Applied Data Science in Tourism: Interdisciplinary Approaches, Methodologies and Applications

Publisher: Springer – Series: “Tourism on the Verge”

Editor: Roman Egger

This Github profile contains repositories with the code of the respective chapters. Also see: http://www.datascience-in-tourism.com/


Data Science has brought marvelous opportunities to many industries, and tourism is no exception. Although tourism is known as an interdisciplinary field that crosses sociology, economics, geography, psychology, and communication sciences, tourism researchers have long been constrained by the classical repertoire of research methodologies. Besides the widely applied quantitative and qualitative approaches, we could see advancements especially in quantitative methods over time. In an era of digitization, data comes in new unstructured forms along with traditionally structured datasets, which result in the rise of Big Data. Meanwhile, advancements in computing and the rapid development of algorithms lead to the emergence of advanced analytics that goes beyond conventional business intelligence to gain deeper insights and make predictions. Data Science is more than a set of methods and tools in elevating the typical ways of doing empirical research, allowing researchers to even find answers for previously unknown questions. However, Data Science is yet to be embraced by tourism scholars potentially because of the bigness, messiness, and unstructured nature of data that fuel confusion and uncertainty. At the same time, because Data Science has altered the epistemological foundations, the interplay between Data Science and theory deserves much attention.
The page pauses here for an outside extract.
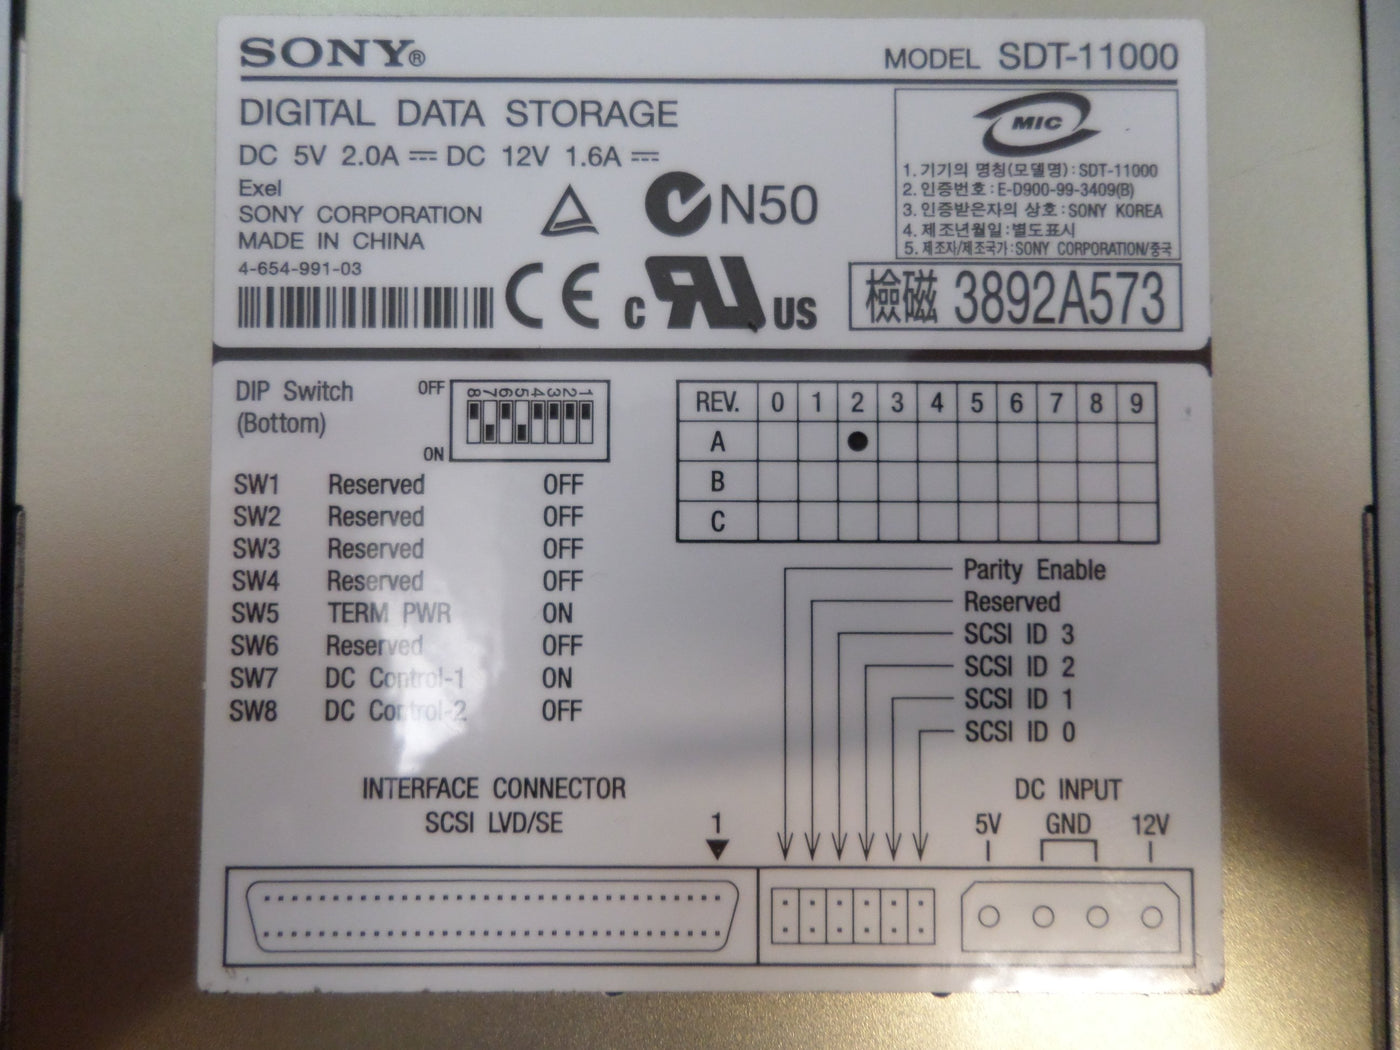 MC5112_SDT-11000_Sony Digital Storage Unit Inc Cable - Image2

By learning how to develop research questions that can be supported by theories, Data Science helps researchers better understand the data, uncover unknown relationships and patterns, and improve data visualization. In tourism, examples of Data Science applications include route optimization, real-time analysis, predictive analysis, personalization, customer sentiment analysis, alerting and monitoring systems, and much more. Nevertheless, adopting Data Science in tourism is not an easy task as it requires an interdisciplinary understanding between computer sciences as its original discipline. Tourism researchers are often not aware of these upcoming techniques and not familiar with their usage, contributions, advantages, pitfalls, and limitations.
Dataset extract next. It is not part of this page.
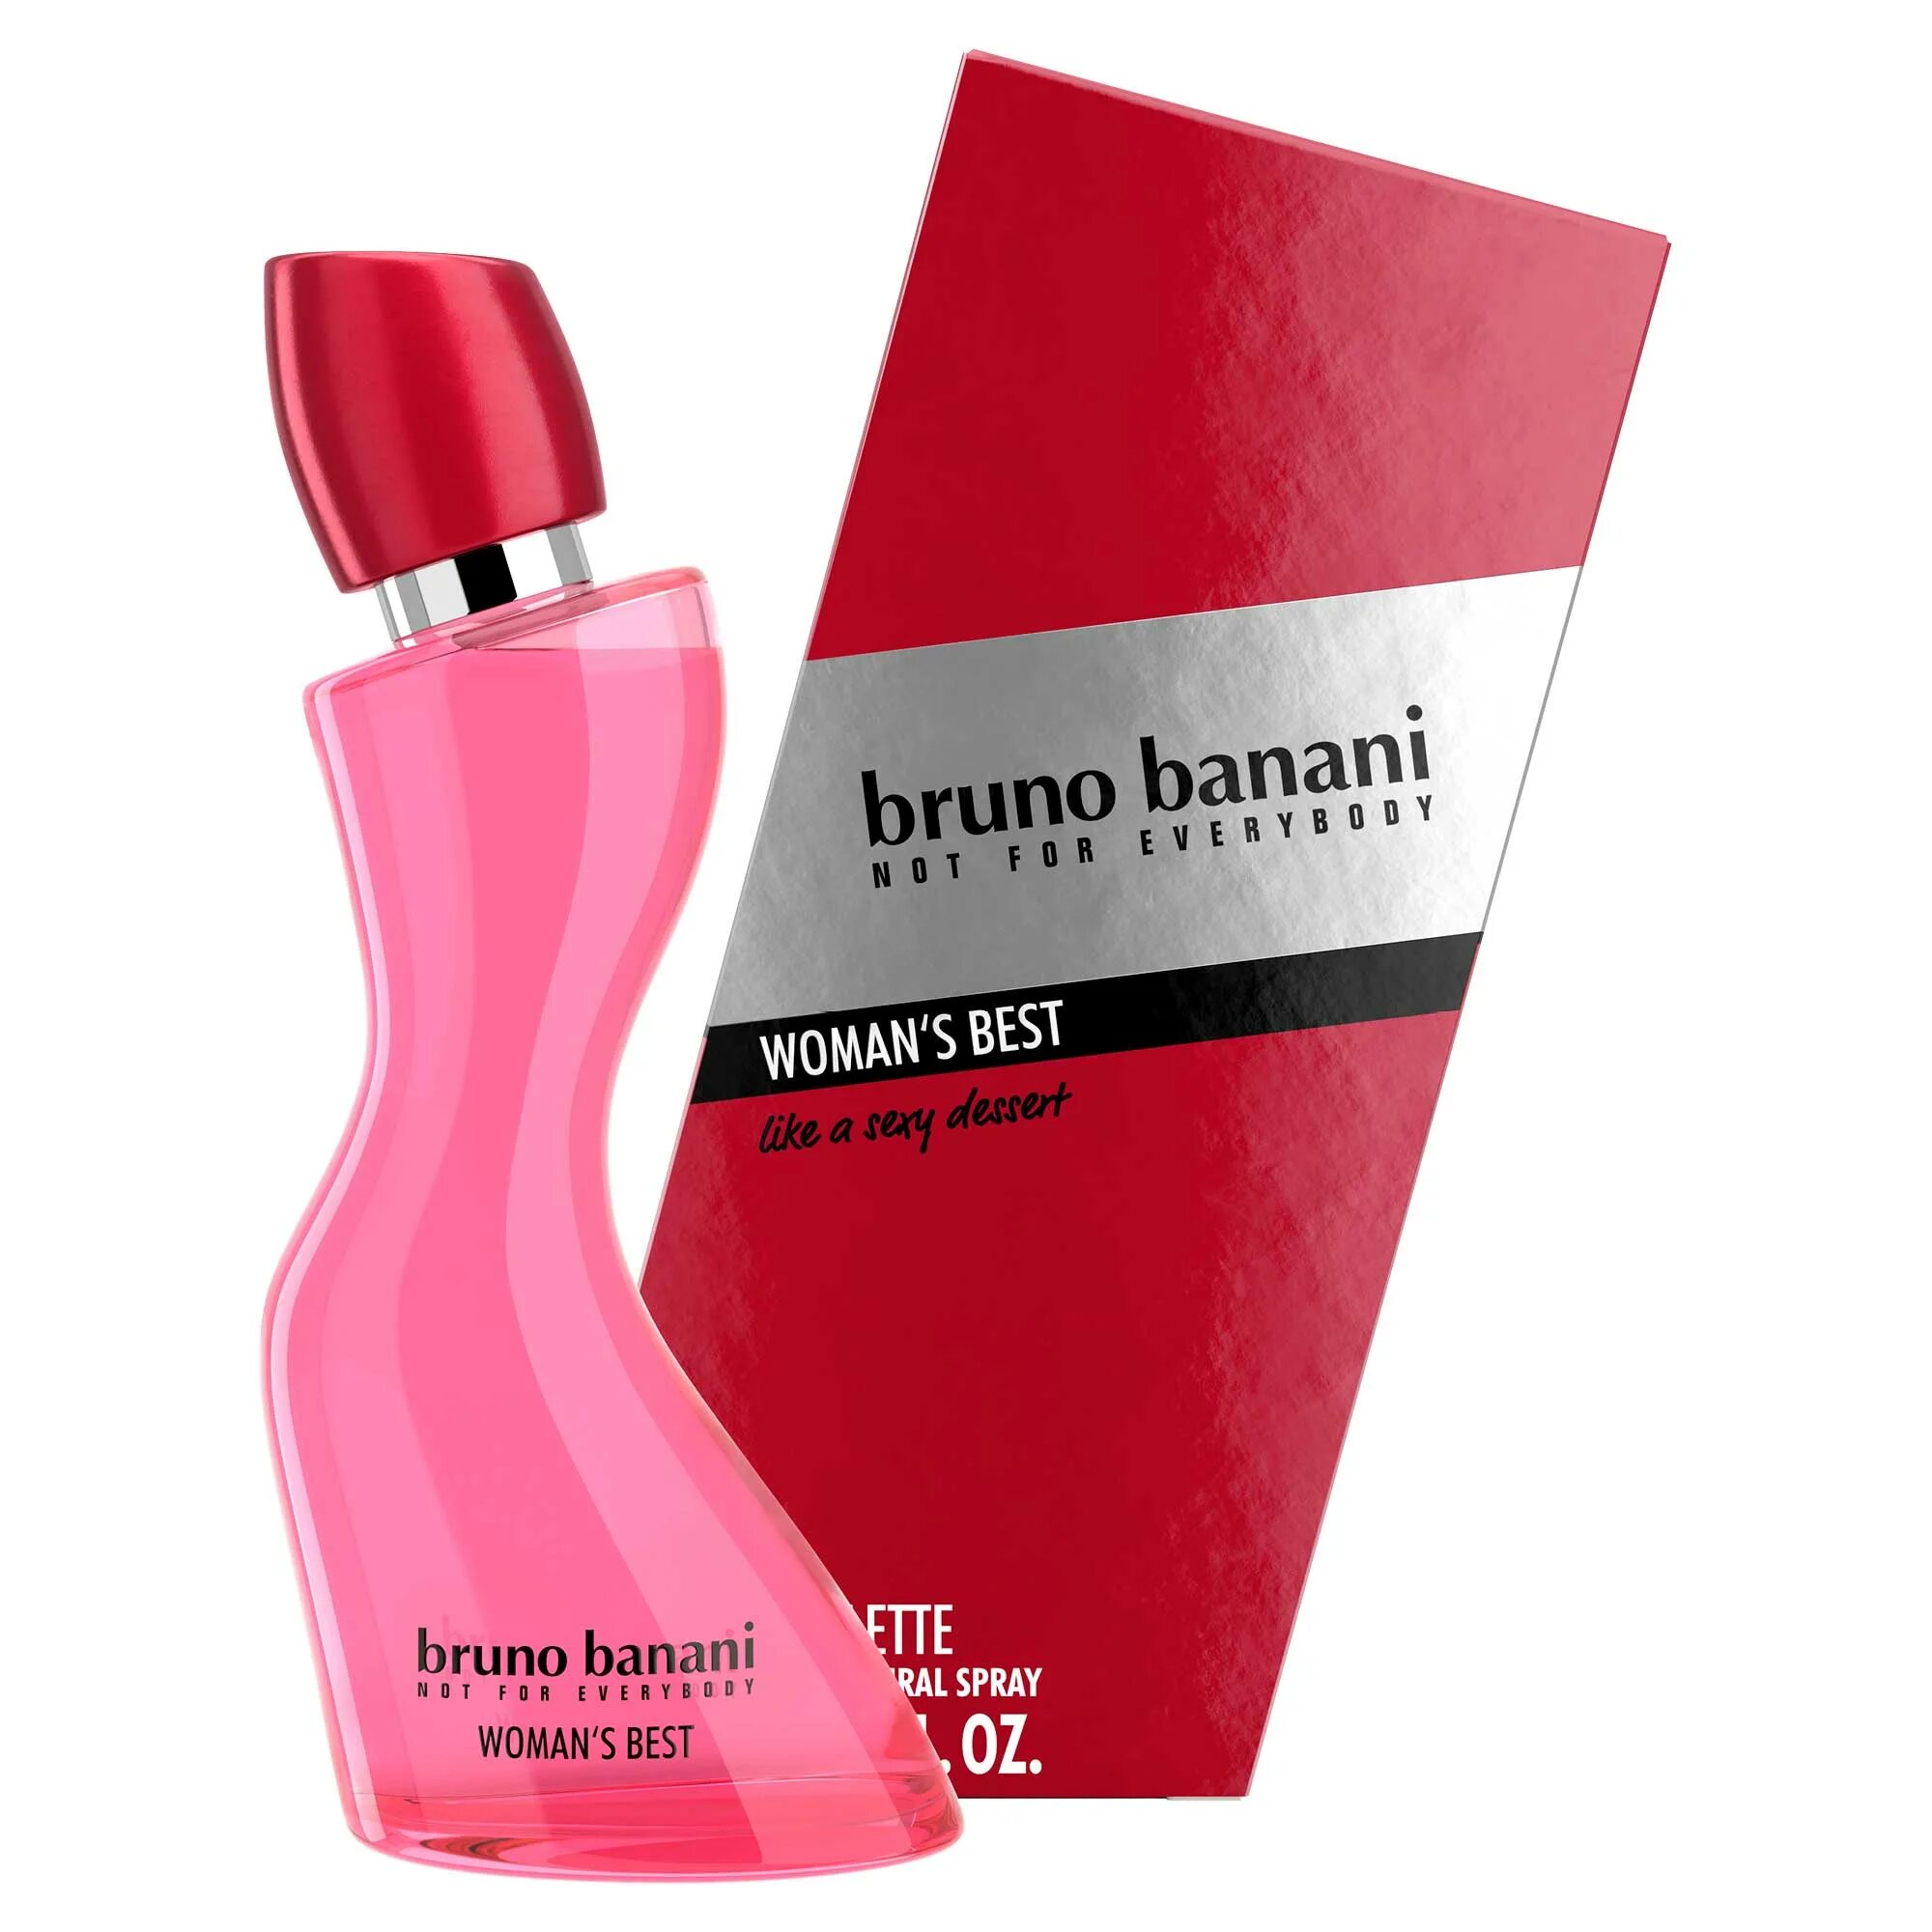 Bruno banani купить. Bruno Banani women`s best 20 ml EDT. Bruno Banani woman's best туалетная вода женская 30 мл.

This book is intended to serve as a starting point that connects Data Science to the tourism industry, being helpful for both, researchers and practitioners alike. It aims to present an overview of Data Science techniques relevant for tourism by offering a theoretical foundation for these concepts and a how-to-approach which facilitates readers in developing their research projects. Of course, this book cannot claim to cover the individual chapters and topics in their completeness. Rather, the aim is to provide the reader with the necessary knowledge to facilitate the decision regarding the choice of method.


Structure of the book

Introduction: Data Science in Tourism

Roman Egger Salzburg University of Applied Sciences, Innovation and Management in Tourism

Industry Insights from Data Scientists: A Q&A Session

Roman Egger (Salzburg University of Applied Sciences, Innovation and Management in Tourism), Mike O´Connor (booking.com), Liliya Lavitas (Tripavisor), Holger Sicking (Austrian National Tourist Office), Jeroen Mulder (Air France-KLM)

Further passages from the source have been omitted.